Time’s Up slams lack of Black voters for Golden Globes, calls for reforms
Days before Sunday’s Golden Globes telecast, in the wake of a Times investigation that highlighted ethical lapses and the lack of any Black members in the voting body that hands out the awards, Time’s Up on Friday joined those calling for further reforms to the Hollywood Foreign Press Assn.
A number of prominent figures in Hollywood, including “Selma” director Ava DuVernay, TV producer Shonda Rhimes, comedian Amy Schumer, actresses Jurnee Smollett and Kerry Washington and director J.J. Abrams, shared the hashtag #TimesUpGlobes on social media along with an image noting that the HFPA, the group of international journalists that doles out the Globes, has “not a single Black member out of 87.”
“Old news. New energy,” DuVernay wrote, while Rhimes and others wrote, “A cosmetic fix is not enough.”
“So many crazy things about the @goldenglobes and the Hollywood Foreign press,” tweeted director Judd Apatow, sharing the hashtag, “but this is awful.”
Sterling K. Brown, a Golden Globe winner for NBC’s “This Is Us,” shared a lengthy statement on Instagram noting that his Globes victory was a “dream come true” but also taking the organization to task. “87 people wield a tremendous amount of power,” Brown wrote. “For any governing body of a current Hollywood award show to have such a lack of voting representation illustrates a level of irresponsibility that should not be ignored.”
After the Times investigation and mounting criticism in Hollywood, how will the HFPA and the Golden Globes move forward?
Speaking to The Times on Friday, Schumer — a one-time Globe nominee for the comedy “Trainwreck” and a member of the global board of directors of Time’s Up — said: “There’s really sweet people in the HFPA, but the way they nominate and vote is embarrassing. I very much stand with my sisters of color in calling them out. The HFPA has said it’s making some attempt to change things, but what does that mean? Will they add one Black person?

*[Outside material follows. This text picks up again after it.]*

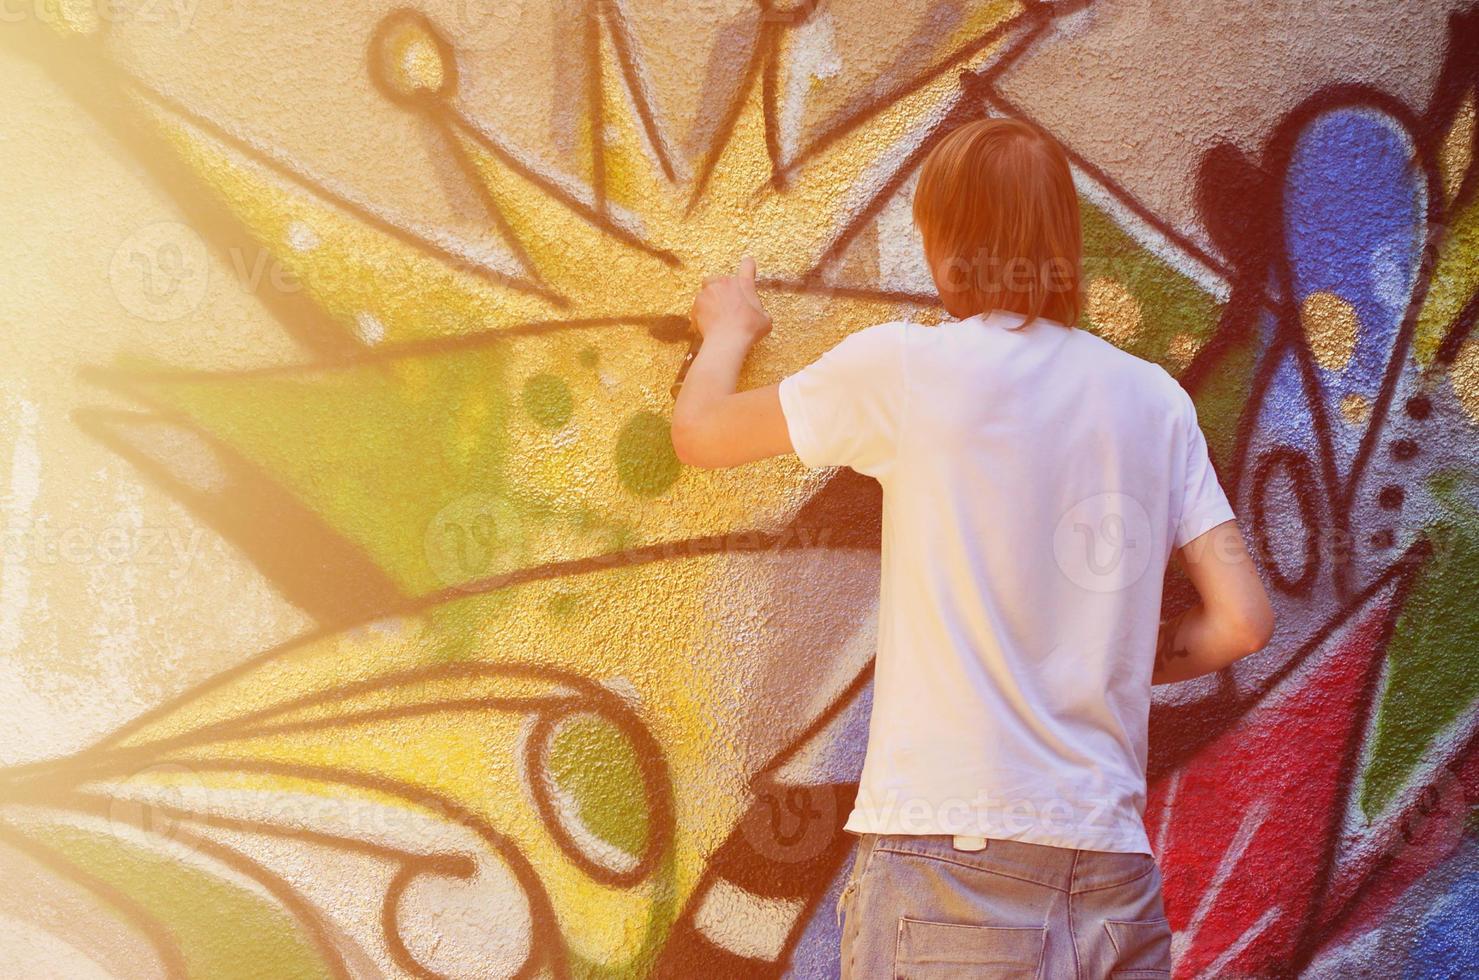 Foto av en ung kille i denim shorts och en vit skjorta. de kille drar på de graffiti vägg en teckning med aerosol målarfärger av olika färger. de begrepp av huliganism och skada till fast egendom
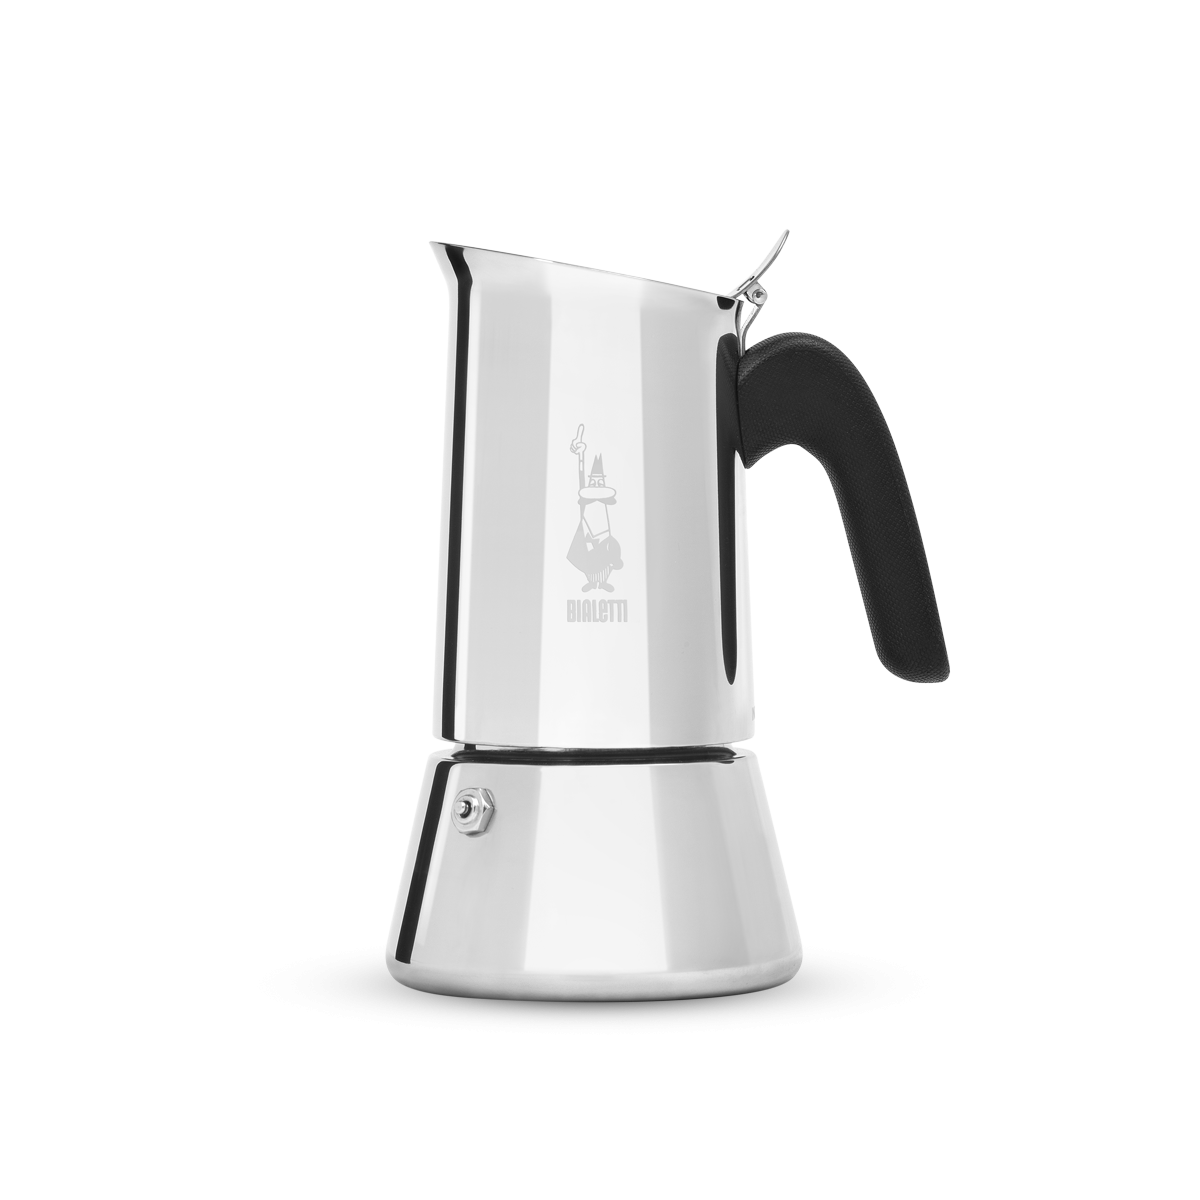 Bialetti Venus Stovetop Espresso Maker - 6 Cup

It’s embarrassing.”
Though the HFPA has a number of people of color in its ranks, the spotlight on the lack of Black members in the group further fueled criticism of this year’s Globes nominations, which didn’t include any of the year’s Black-led awards contenders, such as “Da 5 Bloods,” “Ma Rainey’s Black Bottom,” “Judas and the Black Messiah” and “One Night in Miami,” in the finalists for best picture.
The #TimesUpGlobes campaign follows days of widespread controversy on social media and within Hollywood over the fact that the group behind one of the industry’s most important awards has no Black members.
In a statement to The Times on Thursday, an HFPA representative said the group was determined to recruit Black members to the organization.
“We are fully committed to ensuring our membership is reflective of the communities around the world who love film, tv and the artists inspiring and educating them,” the statement said. “We understand that we need to bring in Black members, as well as members from other underrepresented backgrounds, and we will immediately work to implement an action plan to achieve these goals as soon as possible.”
A Times investigation finds that the nonprofit HFPA regularly issues substantial payments to its members in ways that some experts say could skirt IRS guidelines.
After the Time’s Up tweets began to post, the HFPA statement was reposted to the official Golden Globe Awards Twitter account.
In an interview with Variety, former HFPA President Meher Tatna expressed some of her own frustrations as a woman of color in the group.
“The search [for international Black journalists] has not been easy,” Tatna said, “but that doesn’t mean we will give up.” Tatna said the group has not had a Black member in the years since she joined in 2002, and she could not recall the name of any previous Black member.
It is still unclear to what extent the controversy that has swirled around the membership and ethics of the HFPA since The Times’ investigation will affect Sunday’s telecast. The HFPA has said the ethics allegations are unproven and “simply repeat old tropes” about the organization.
The organization said the perception that many members are not serious journalists is “outdated and unfair” and that it is committed to addressing the lack of Black members.
A number of signatories to the original Time’s Up declaration that launched the movement in 2018 are set to take the stage or participate in the virtual Globes ceremony, including Amy Poehler, who is co-hosting with Tina Fey, as well as nominees such as Viola Davis, Regina King and Nicole Kidman and presenters such as Margot Robbie, Salma Hayek and Cynthia Erivo. Jane Fonda, who is set to receive the Cecil B. DeMille Award, is also an original Time’s Up signatory.
The launch of Time’s Up came in the lead-up to the 2018 Globes, with nearly every woman in attendance at that year’s event wearing black gowns to call attention to the burgeoning #MeToo movement. Asked about any further steps or statement the group might make to push for reforms to the Globes voting body, a Time’s Up representative referred The Times to the HFPA.
As the Time’s Up protest gained momentum, the organization announced via Instagram that it plans to address the issue during Sunday’s show.
Separately, a representative for the HFPA told The Times that the group welcomes the opportunity to meet with Time’s Up and with any prospective Black members interested in joining.
Times staff writer Amy Kaufman contributed to this report.